2) Fase dalam kandungan ibu.
Pembinaan akhlakul karimah sebenarnya telah diawali
sejak anak tersebut dalam kandungan ibu, sebagaimana termaktub dalam ayat 172
surat al A’raf, yang berbunyi :
وَ إِذْْ أَ خَذَ رَ بّثكَ مِنْ بَنى آدَمَ مِنْ ظُهُوْرِ هِمْ ذُرِّ
يَّتَهُمْ وَاَشْهَدَهُمْ عَلىَ اَنْفُسِهِمْ ؛ أَلَسْتُ بِرَبِّكُمْ قاَلوْا بَلىَ
شَهِدْناَ. . .
Terjemahnya :
Dan (ingatlah) ketika Tuhanmu
mengeluarkan keturunan anak-anak Adam dari sulbi mereka dan Allah mengambil
kesaksian terhadap jiwa mereka (seraya berfirman): “Bukankah Aku ini Tuhanmu
?”. Mereka menjawab : Betul (Engkau Tuhan kami), kami menjadi saksi
Ayat tersebut menunjukkan bahwa dalam kandungan ibu,
telah terjadi pembinaan mental, dalam hal ini pertumbuhan naluri yang kelak
dibawa ketika lahir menuju pertumbuhan seluruh perwatakannya dengan bantuan
faktor lingkungan.

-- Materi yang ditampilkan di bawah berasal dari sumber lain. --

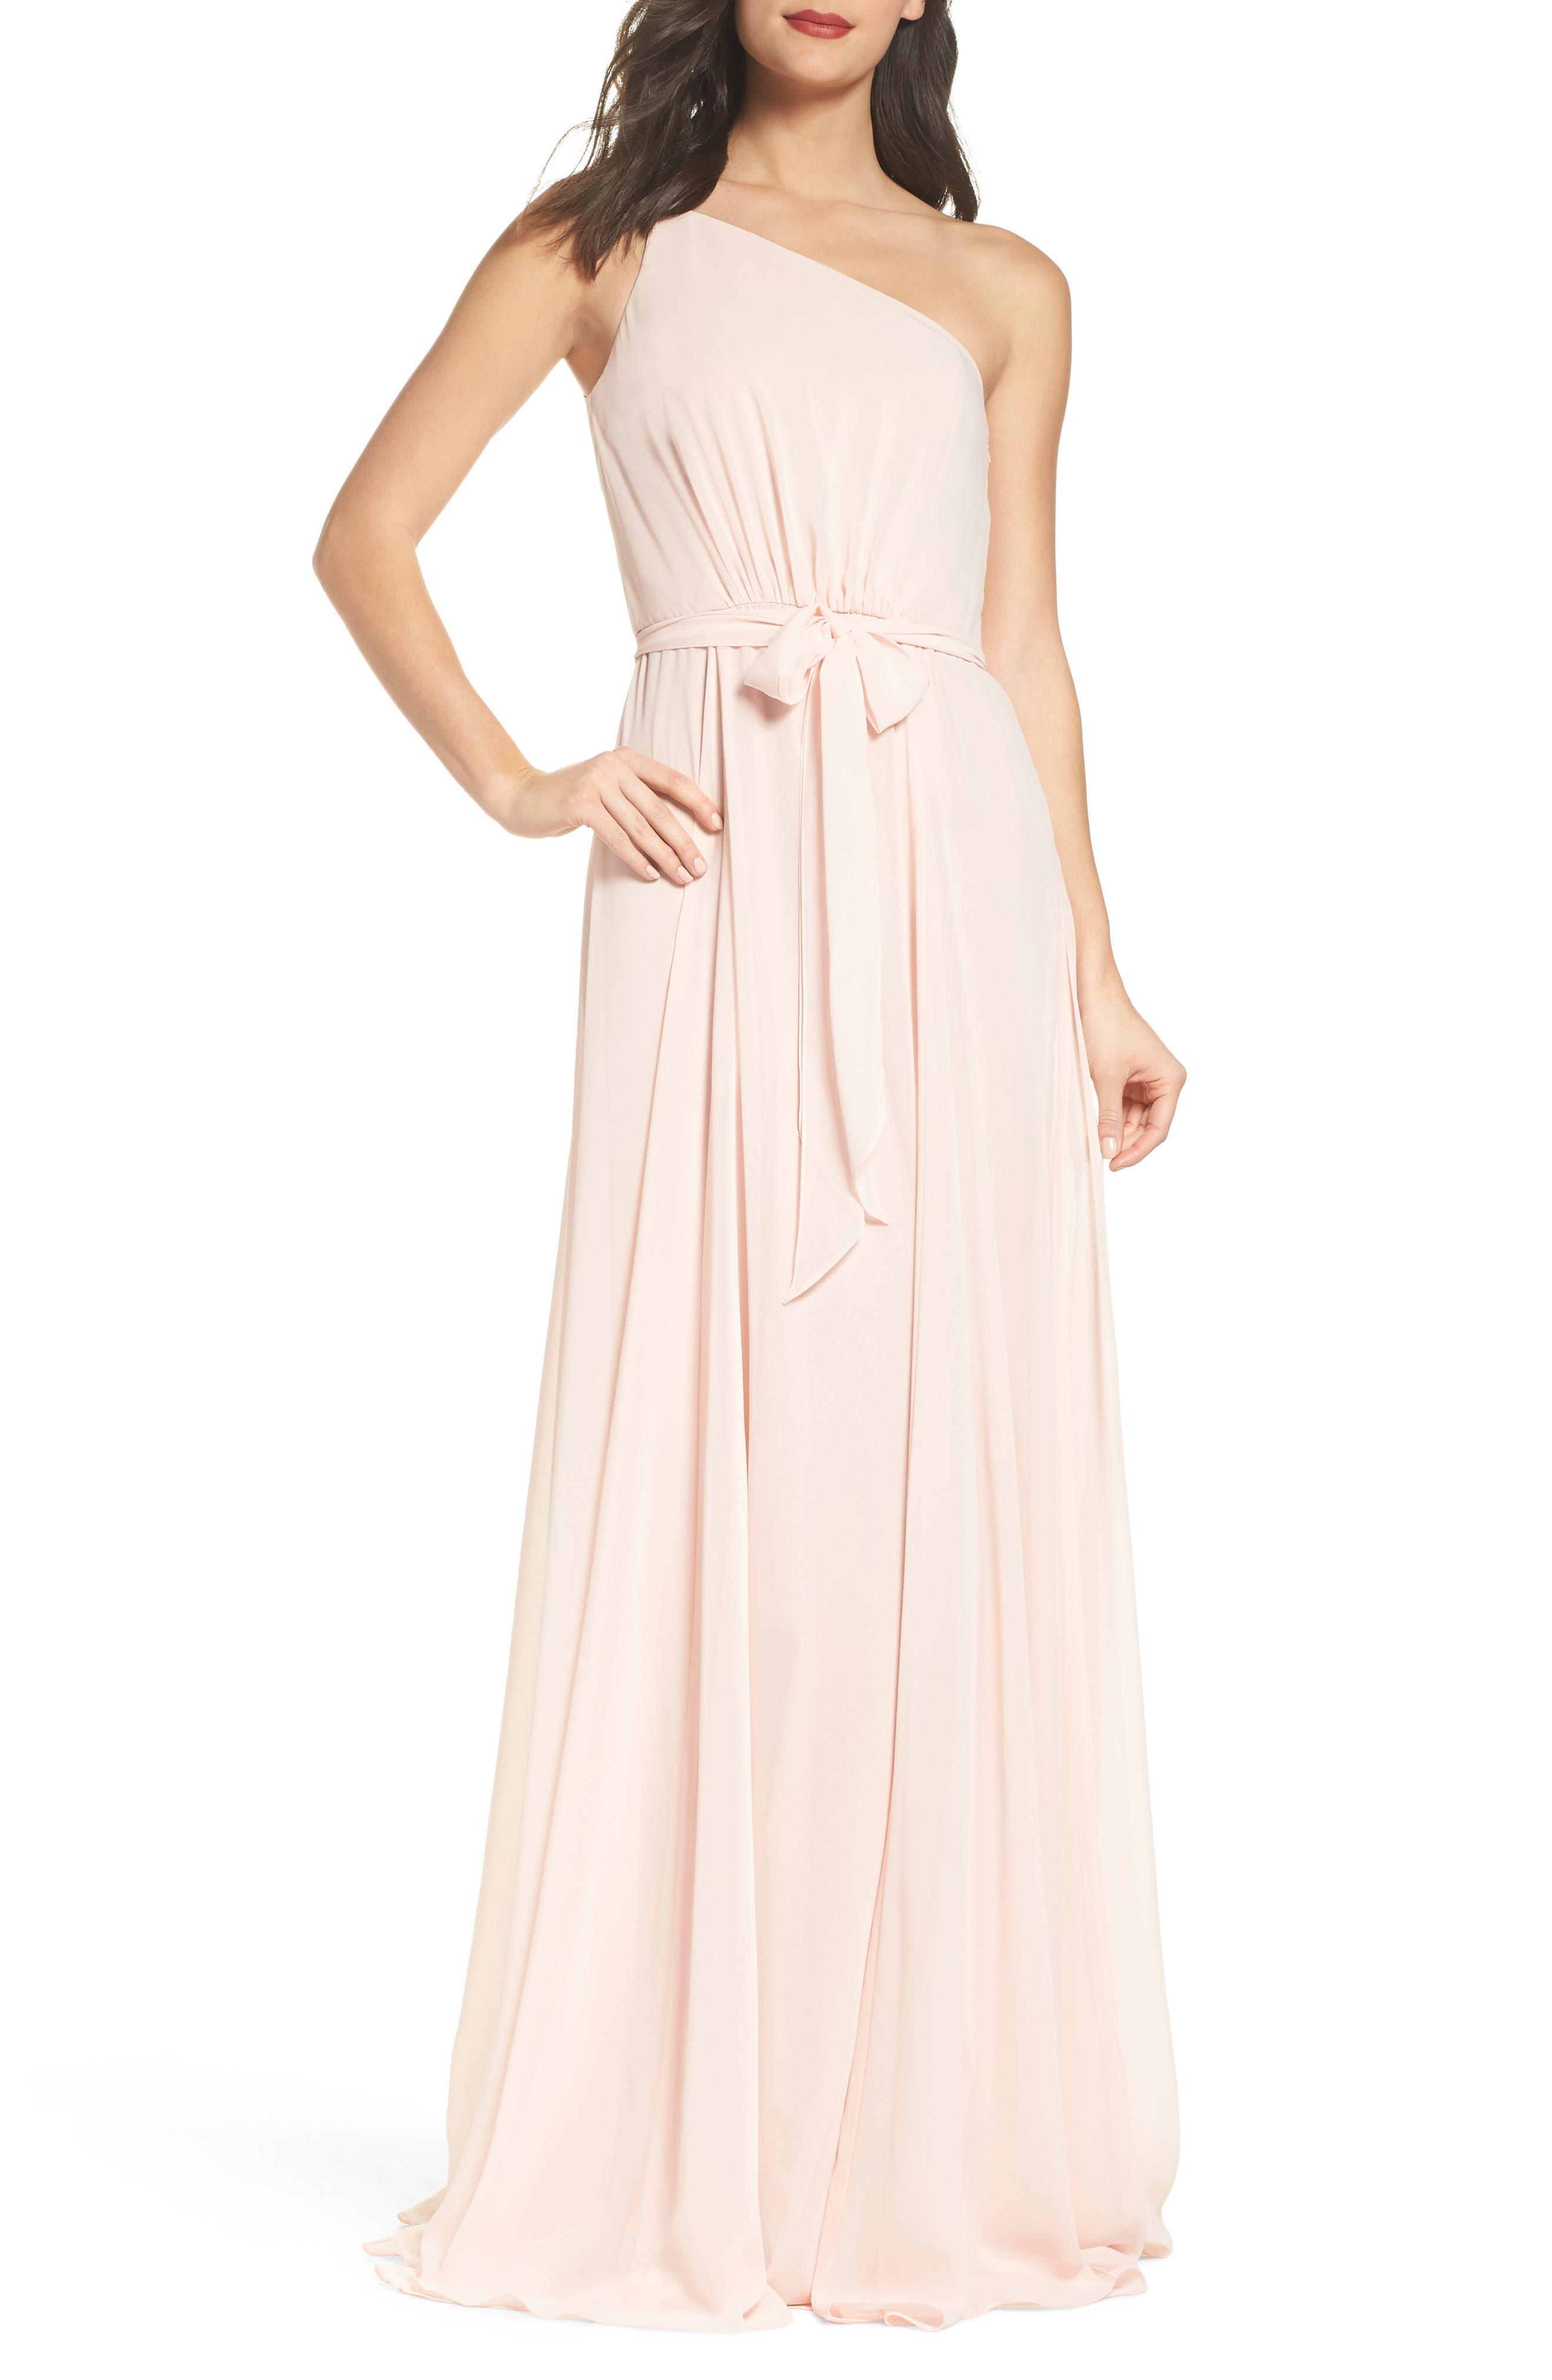 Main Image - Amsale One-Shoulder Chiffon A-Line Gown

Oleh karena itu, Casimir mengemukakan bahwa anak dalam
kandungan dapat dididik mentalnya yaitu dengan “memberi suasana keagamaan dalam
bentuk membaca ayat-ayat suci al quran”
3) Fase
dalam umur 0 - 6 tahun, adalah masa pendidikan secara dressur atau pembiasaan
terhadap hal-hal yang baik, justeru itu untuk menjaga kesucian jasmani dan
rohani anak, maka ia diaqieqahkan, digunting rambutnya serta diberi nama,
sebagaimana yang dimaksud oleh hadits yang diriwayatkan Imam Ahmad dari
Samurah, yang berbunyi :
كُلُّ غُلاَمٍ مُرْ تَهِنٌ بِعَقِيْقَتِهِ تُذْبَحُ عَنْهُ يَوْمَ ساَبِعِهِ وَ يُخْلَقُ وَ يُسَمَّى
Artinya : Setiap anak
tergadai dengan aqieqahnya yang disembelih baginya pada hari ke tujuh dan
digunting rambutnya dan diberi nama.
Aqieqah dan menggunting rambut
pada hari ketujuh dari hari kelahiran anak, merupakan upaya membersihkan mereka
dari segala kotoran yang melekat pada jasmaninya, sehingga setelah diaqieqah
dan digunting rambutnya, maka anak tersebut dikatakan bersih dan suci lahir dan
bathin.
4) Fase
untuk menenangkan jiwa
anak, yaitu dengan melatih dan
menyuruh untuk menjalankan sholat sejak umur 7 - 10 tahun, sebagaimana yang dimaksud dalam hadits yang
diriwayatkan Imam Abu Dawud dari ‘Umar
bin Sya’ib, yang berbunyi :
مُرُوا أَوْلاَدَكُمْ بِالصَّلاَ
ةِ وَهُمْ أَبْنَا ءُ سَبْعِ سِنِيْنَ
وَضْرِبُوْاهُمْ عَلَيْهاَ وَهُمْ أَبْنَاءُ عَشْرٍوَ فَرِّقُوْ ا
بَيْنَهُمْ فىِ الْمَضَاجِعِ
Artinya : Perintahkanlah anak-anak
kamu untuk melaksanakan sholat ketika berumur tujuh tahun, dan pukullah
(pertegaslah) mereka, jika umurnya telah sampai sepuluh tahun. Dan berpisah
tempat tidurlah.
Pada masa tesebut juga kedua orang tua dituntut untuk berusaha
menenangkan perasaan atau keinginan seksual anak, dengan cara berpisah tempat
tidur dengannya, karena pada masa tersebut anak cenderung untuk meniru
perbuatan orang lain, terutama perbuatan kedua orang tuanya.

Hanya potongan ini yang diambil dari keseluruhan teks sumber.